* Data extract *
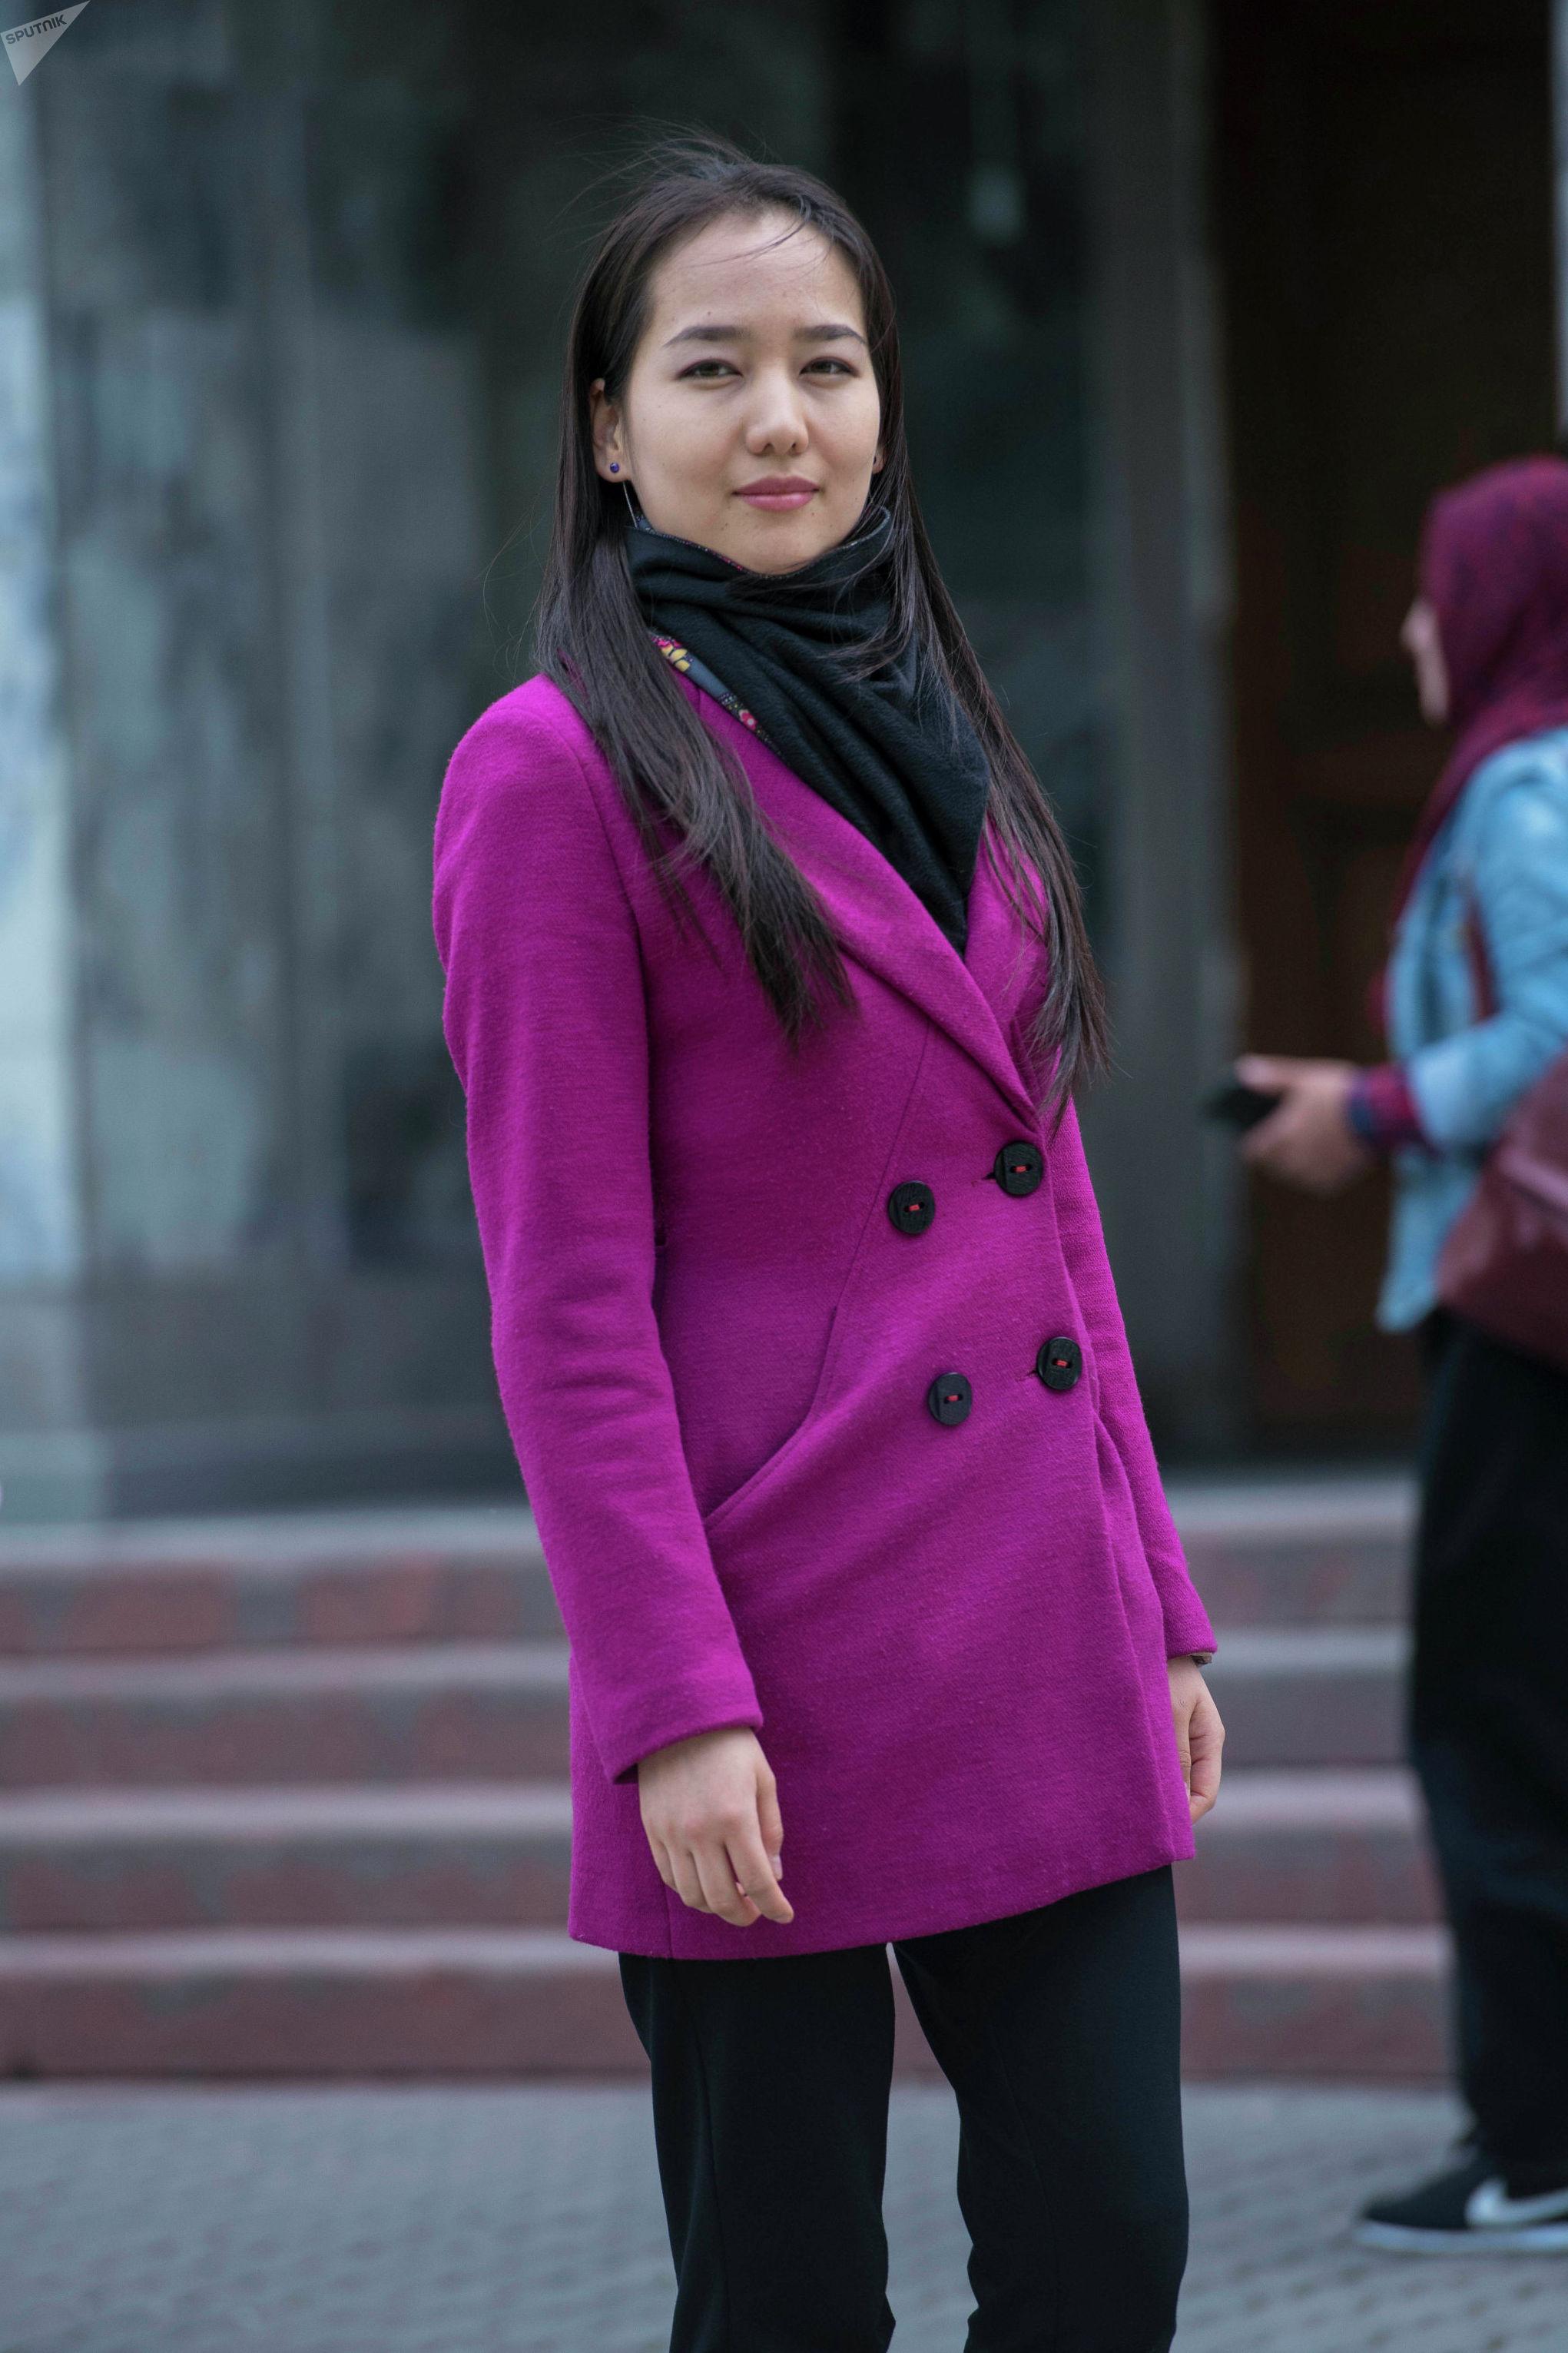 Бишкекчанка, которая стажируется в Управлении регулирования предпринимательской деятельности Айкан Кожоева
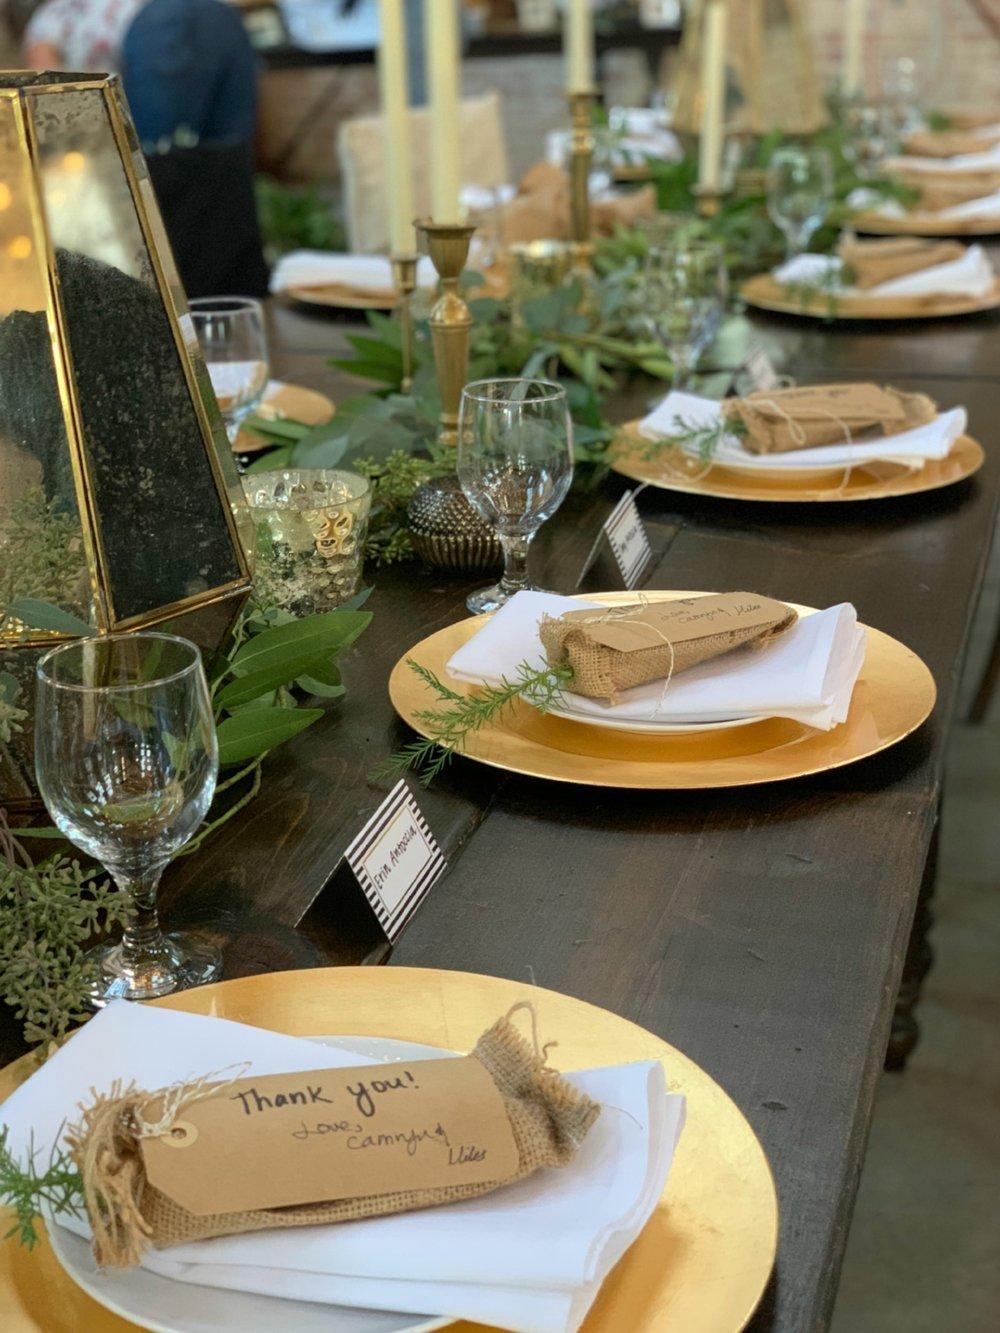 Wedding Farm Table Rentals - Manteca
---
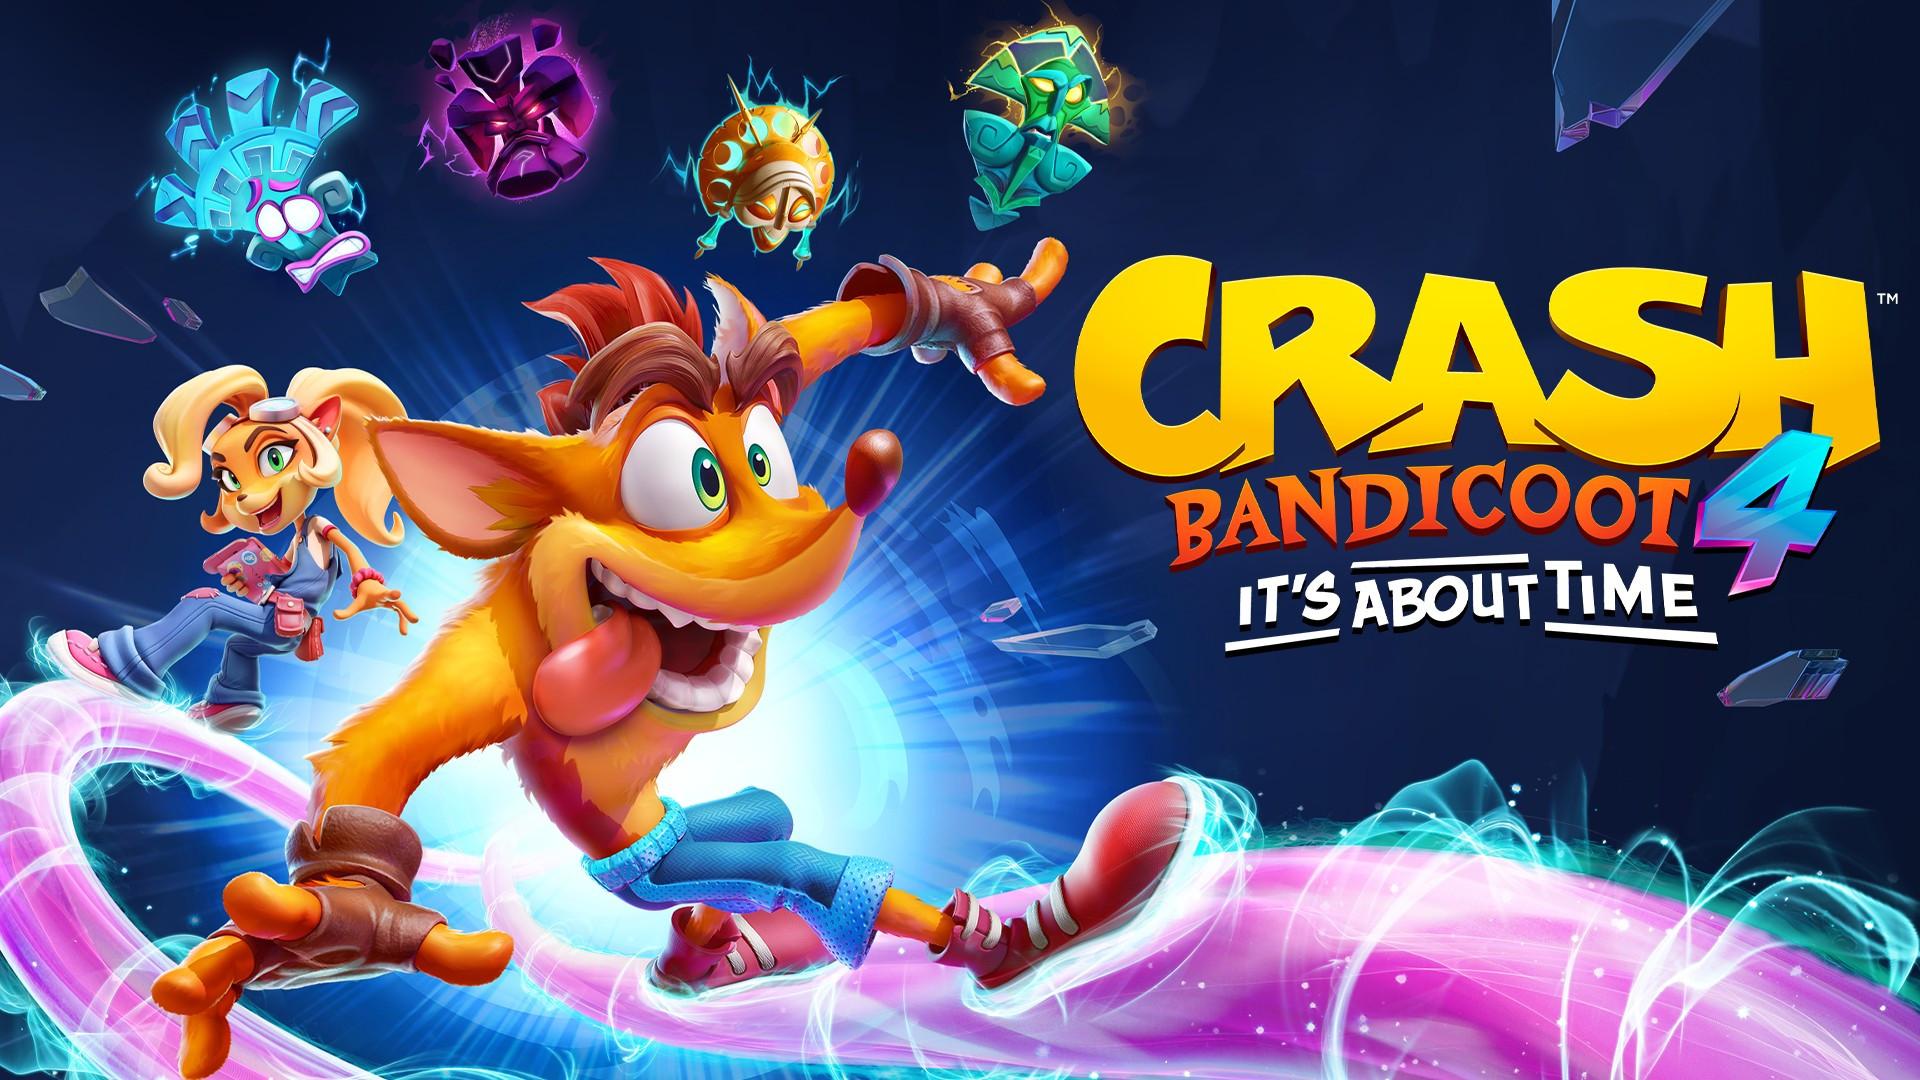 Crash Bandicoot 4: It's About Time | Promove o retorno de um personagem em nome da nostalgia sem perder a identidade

* How to complete this task *
Output exactly the lines above, from the line with "Бишкекчанка, которая стажируется" to the line with "Wedding Farm Table Rentals - Manteca", both included; skip the pictures.

* Task output *
 Бишкекчанка, которая стажируется в Управлении регулирования предпринимательской деятельности Айкан Кожоева
 Wedding Farm Table Rentals - Manteca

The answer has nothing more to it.